A entrada dos jovens de 16 a 29 anos no mercado de trabalho brasileiro é marcada por diferenças de renda, escolaridade, raça e região. É o que mostra a pesquisa Juventudes e o Mundo do Trabalho, realizada pela Fundação Itaú, com apoio técnico do Datafolha e do Instituto Locomotiva. A formalização chega a 58% no Sul e a 55% no Sudeste, mas cai para 29% no Norte e apenas 20% no Nordeste. As diferenças também aparecem entre as classes sociais. Enquanto 43% dos jovens das classes A/B e 49% da classe C têm carteira assinada, o percentual é de 35% entre aqueles das classes D/E.
A escolaridade também influencia o tipo de inserção profissional. Os “bicos” são realidade para 34% dos jovens com ensino fundamental, contra 9% daqueles com ensino médio e 3% entre os que possuem ensino superior. Entre os jovens brancos, 49% estão em empregos formais, ante 41% dos negros. Além disso, 12% dos jovens negros recorrem aos “bicos”, mais que o dobro do percentual registrado entre os brancos (5%). Para entender melhor os dados, o Edição do Brasil conversou com a coordenadora do Observatório Fundação Itaú, Ana Maria Cardoso.
Quais fatores explicam as desigualdades na formalização do trabalho entre os jovens?
Essas diferenças estão relacionadas a fatores sociais, raciais, regionais e educacionais. Jovens de territórios e grupos mais vulnerabilizados têm menos oportunidades de continuidade dos estudos, qualificação e acesso a empregos formais. A necessidade de geração de renda também faz com que muitos ingressem mais cedo no mercado, o que pode dificultar a permanência na escola.
Por que jovens negros e de baixa renda estão mais presentes em trabalhos informais e “bicos”?
Isso é porque a necessidade de geração de renda é um fator importante. Esses jovens podem entrar mais cedo no mercado e ter dificuldades para conciliar trabalho e estudo. A menor escolaridade está diretamente associada à informalidade. Também pesam a sobrecarga de tarefas domésticas e de cuidado, as dificuldades de deslocamento, o território onde vivem e o racismo estrutural.
O fato de 77% dos jovens conseguirem emprego por indicação revela uma dificuldade para quem não possui rede de contatos?
Sim. A indicação funciona como uma ponte de acesso ao mercado de trabalho, especialmente diante da falta de experiência, apontada por 49% dos jovens como a principal dificuldade. O grande problema é que as redes de contato não estão distribuídas de maneira igual. Jovens das classes mais altas e brancos têm maior acesso a essas conexões, o que pode reproduzir desigualdades.
Como a formação técnica pode contribuir para ampliar o acesso ao emprego formal?

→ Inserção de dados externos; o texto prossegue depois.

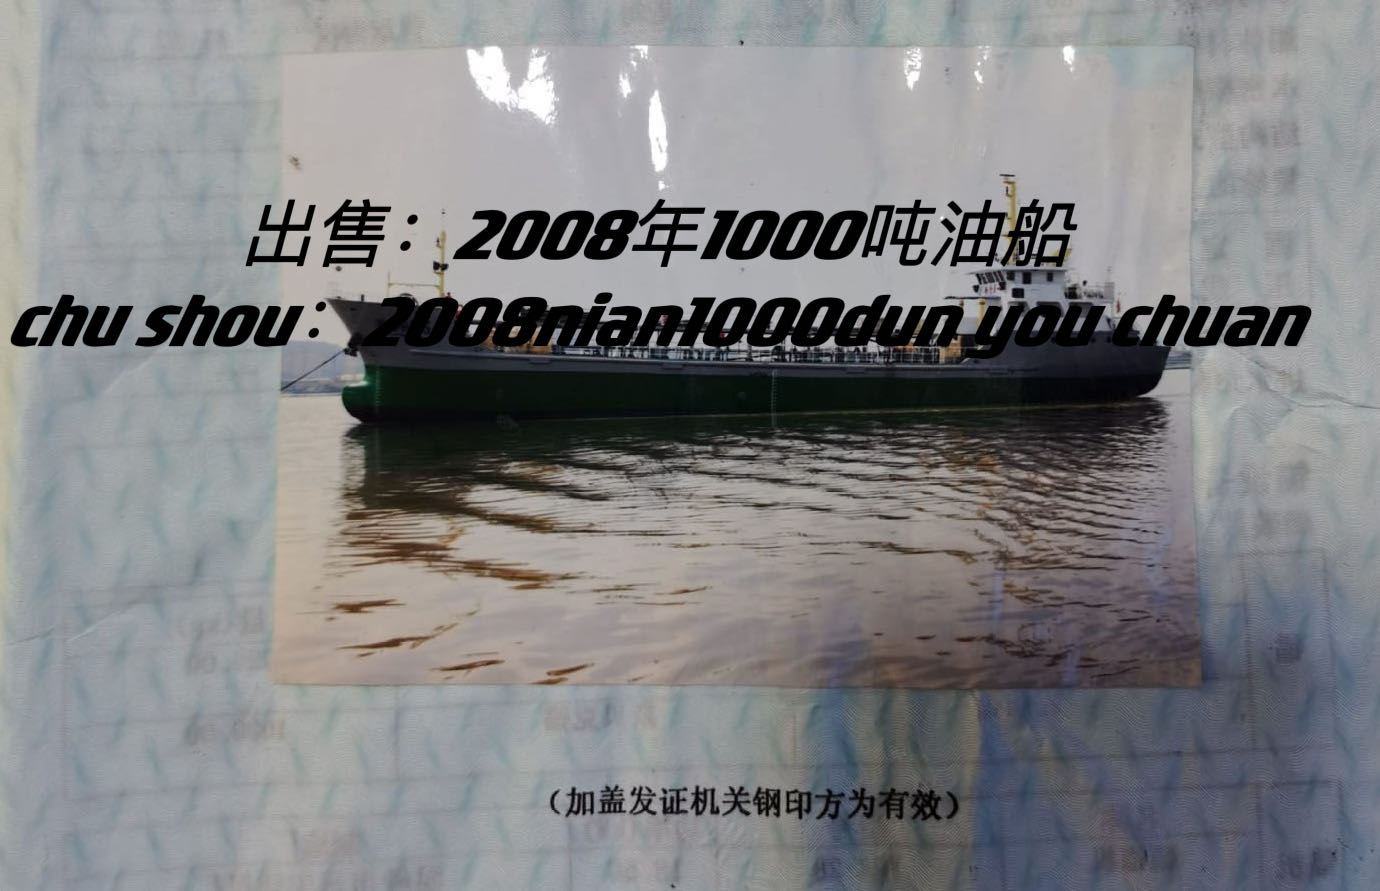 出售2008年1000吨油船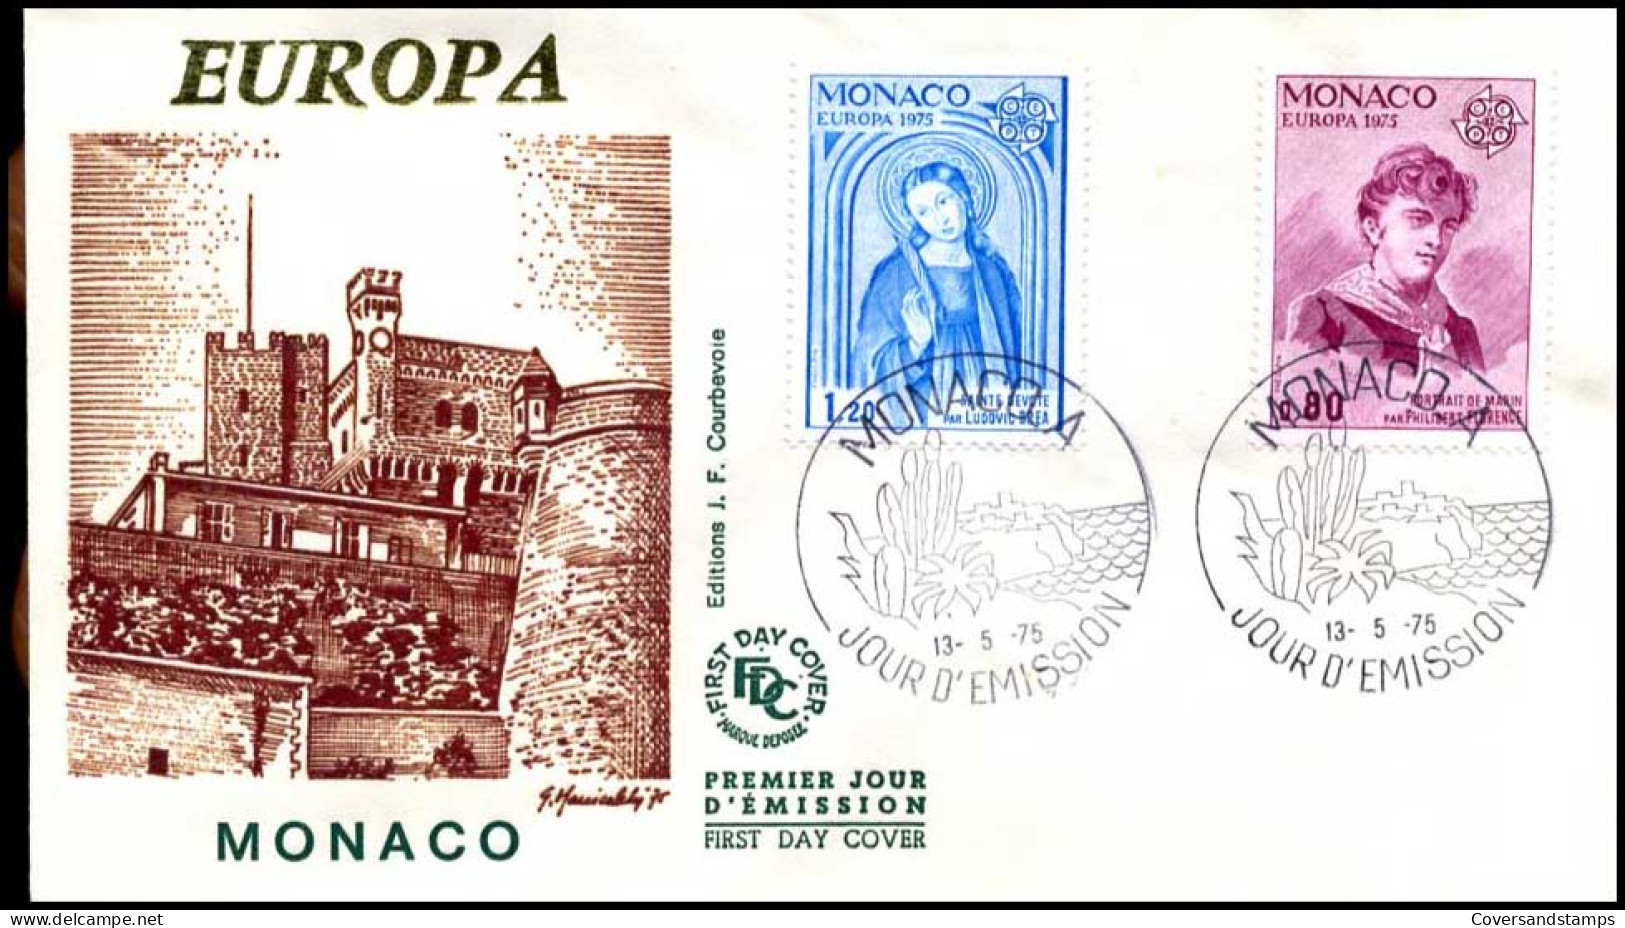  Monaco - FDC - Europa CEPT 1975 - 1975

A educação profissional e tecnológica é percebida por 91% dos jovens como um caminho mais rápido para ingressar no mercado de trabalho. Ela aproxima formação e prática e pode ajudar a enfrentar uma das principais barreiras apontadas pelos jovens: a falta de experiência. Quando articulada às necessidades locais e ao setor produtivo, essa modalidade de ensino pode ampliar as chances de inserção formal.
Como facilitar a entrada dos jovens no mercado de trabalho?
É necessária uma atuação coordenada entre políticas públicas, escolas, instituições de ensino e setor produtivo. É importante ampliar oportunidades de aprendizagem e estágio, fortalecer a educação profissional e tecnológica e aproximar os jovens das empresas. A escola também precisa prepará-los para a transição ao mundo do trabalho, com orientação, mentoria e desenvolvimento de competências. Também é importante descentralizar e fiscalizar as oportunidades de aprendizagem e estágio. Redes públicas de apoio, como a ampliação do acesso a creches, podem reduzir a sobrecarga de cuidados. Além disso, processos seletivos inclusivos e ações afirmativas podem contribuir para diminuir as desigualdades de gênero e raça.